The book is a great way in for those who don’t have a way in. Jewish knowledge is so daunting, it’s a huge corpus if you do not know where to start. This is helpful, you can pick up and read around, and maybe come upon nuggets that illuminate parts of the ongoing drama.
It is fun when rabbis choose the same texts and come up with different answers, and fun when different texts lead to the same answers.
BK: How do you choose the questions? Are they news events, things your kids ask you, things you are thinking about personally?
AS: Not news events, because as a print magazine we think 6 weeks ahead. We think in September about what people will be talking about in November. Sometimes we peg questions to holidays. In editorial meetings, we kick around ideas and reject a lot of them. Many are rejected because they will not get good answers, either because they will generate narrow technical answers as to what’s right or wrong, or because everyone will agree.
We want questions that people will think about and that will inspire readers to reflect, and rabbis to reflect. I like to make the rabbis work a little bit. Sometimes a rabbi will call me and say, “What do you want? What are you looking for in this question?” and I talk to the rabbi and say, “Well, here are some issues we think maybe the question raises.”
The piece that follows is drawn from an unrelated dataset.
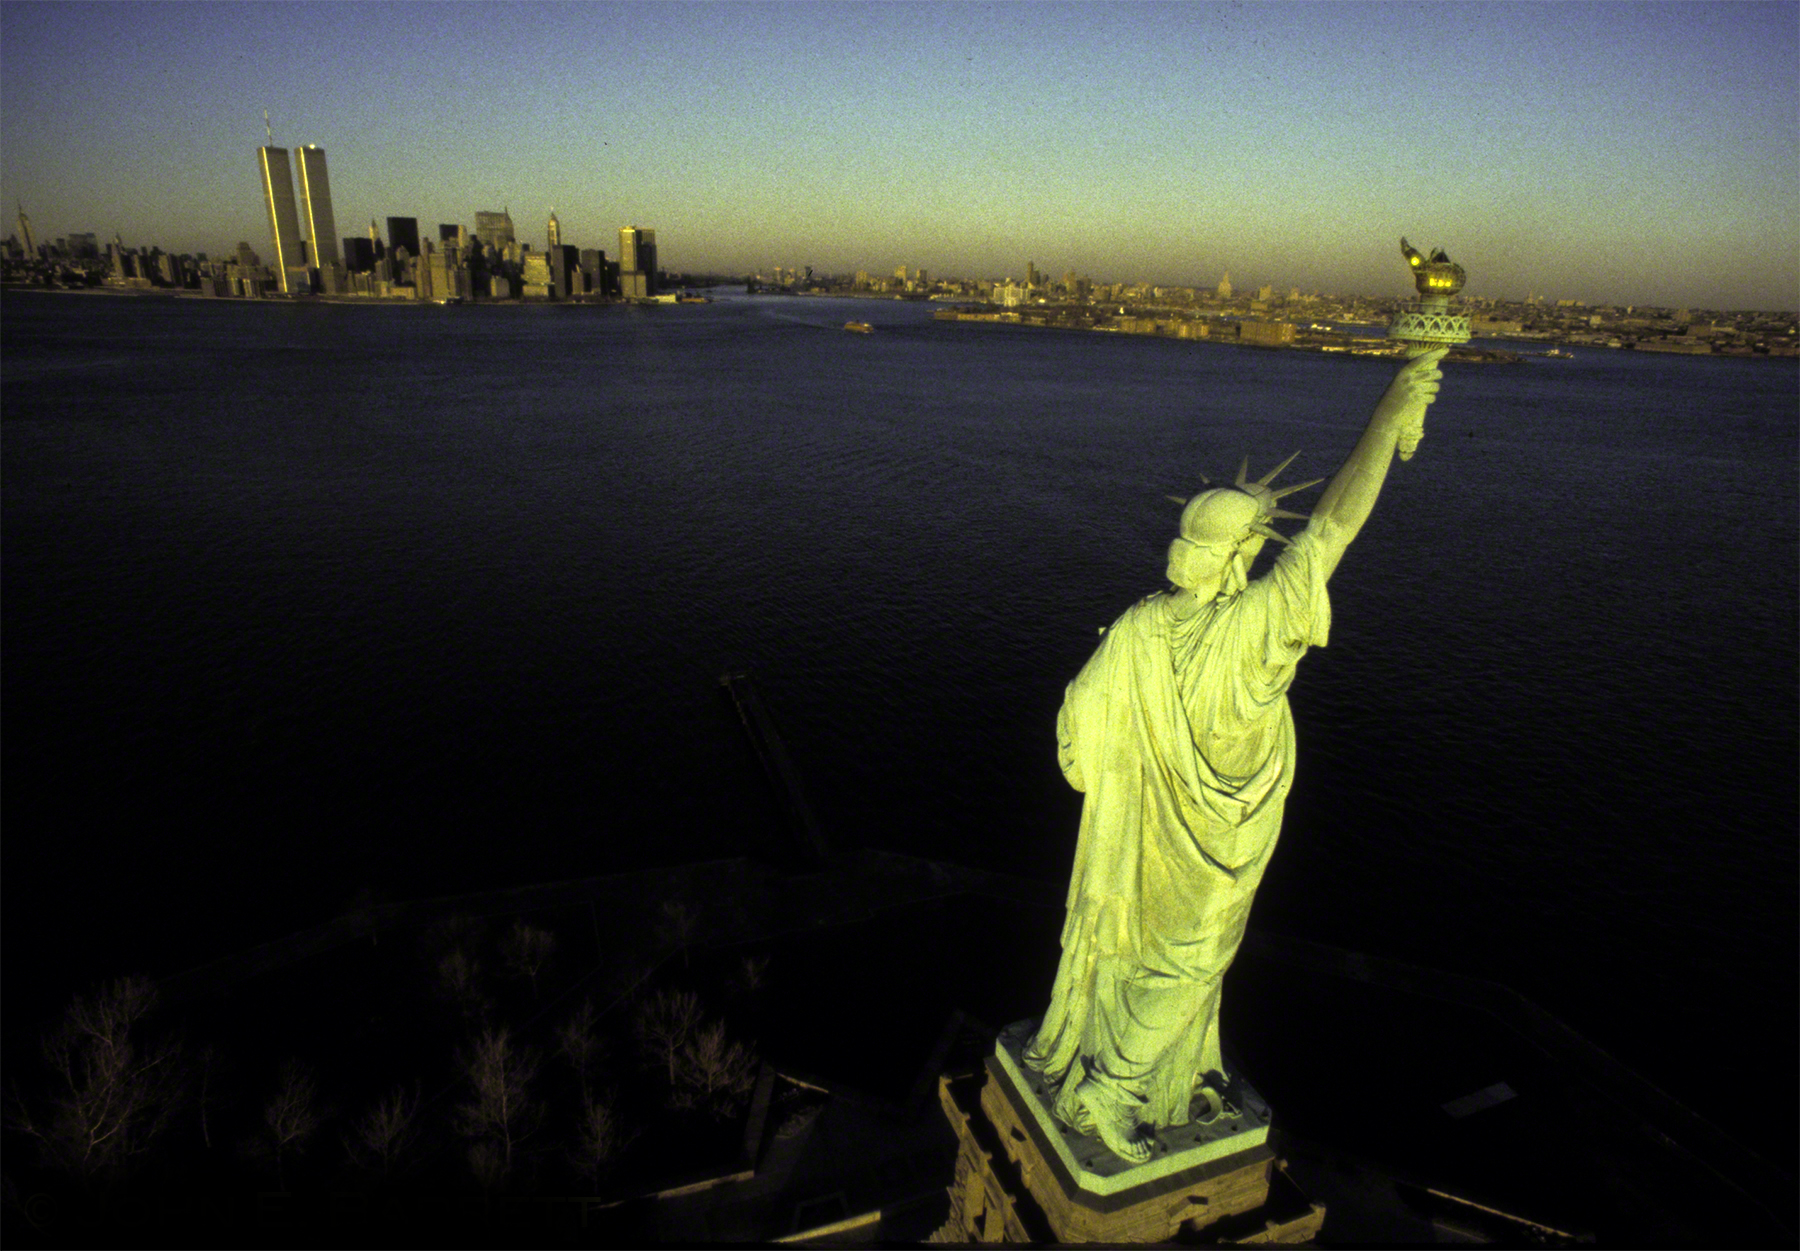 statuen of liberty.jpg
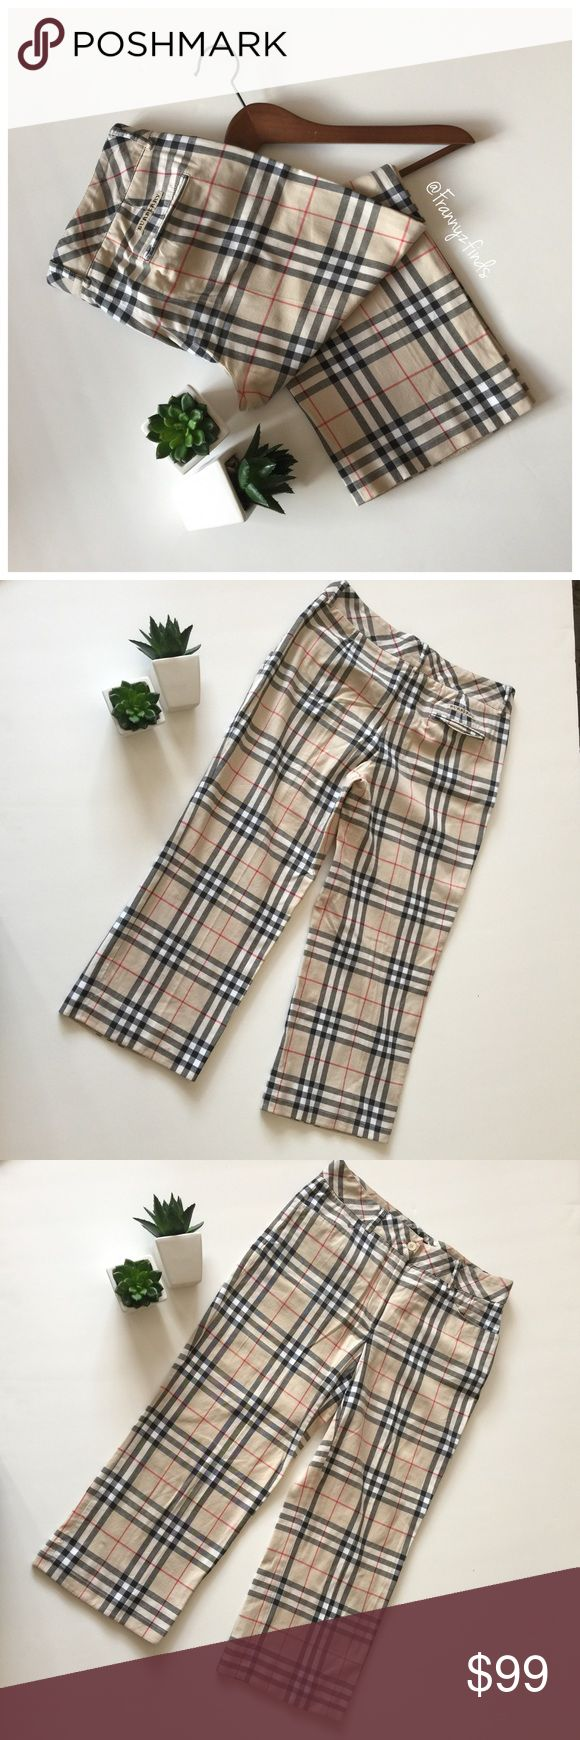 • Burberry Classic Golf Capri • NWOT • Classic Burberry Print • Two Front Pockets • One Mock Back Pocket • Belt Loop • Zipper and Button Closure • Waist 32 • Hip 38 • Length 32 • Inseam 21 Burberry Pants Capris

I love a question that will bring a bit of pushback.
BK: Who is the audience for the book? Is it functioning as an Introduction to Judaism text?
AS: I do think it is an introduction to a certain aspect of Judaism, not by giving answers, but by pushing a person to ask more questions. That’s a great way to be introduced to Judaism. If you know a little, you’ll learn more. If you know a lot, say, if you’re a rabbi, it’s a busman’s holiday. I think there is something for everyone, at whatever level. Also for non-Jews, on issues like “What do Jews think of tattoos?” this a good way to start.
BK: How does this fit into your earlier career as a journalist at The Washington Post, Harper’s, and The New Republic?
AS: I spent 20 years as editorial writer and op-ed columnist. I learned to write short, and with a wide social context.
The voice I used for writing the notes and chapter headings was one I worked hard to get right. Essentially it is a voice I’ve developed, the commentator’s voice. For context, I am a recovering pundit. I wrote editorials for a long time. I’m used to pronouncing.
BK: How did your relationship to rabbis change in the time doing the column?
AS: Over the years of editing the feature, I’ve become friends with more rabbis. I always liked rabbis, they are impressive people for the most part. I’m always impressed by the kinds of things they’ve been engaged in, the help they’ve given people. I discovered from the robot question that lots of rabbis in their teens were sci-fi geeks, more than you’d expect.
BK: Anything I did not ask that I should have?
AS: No, it’s good to end with a question!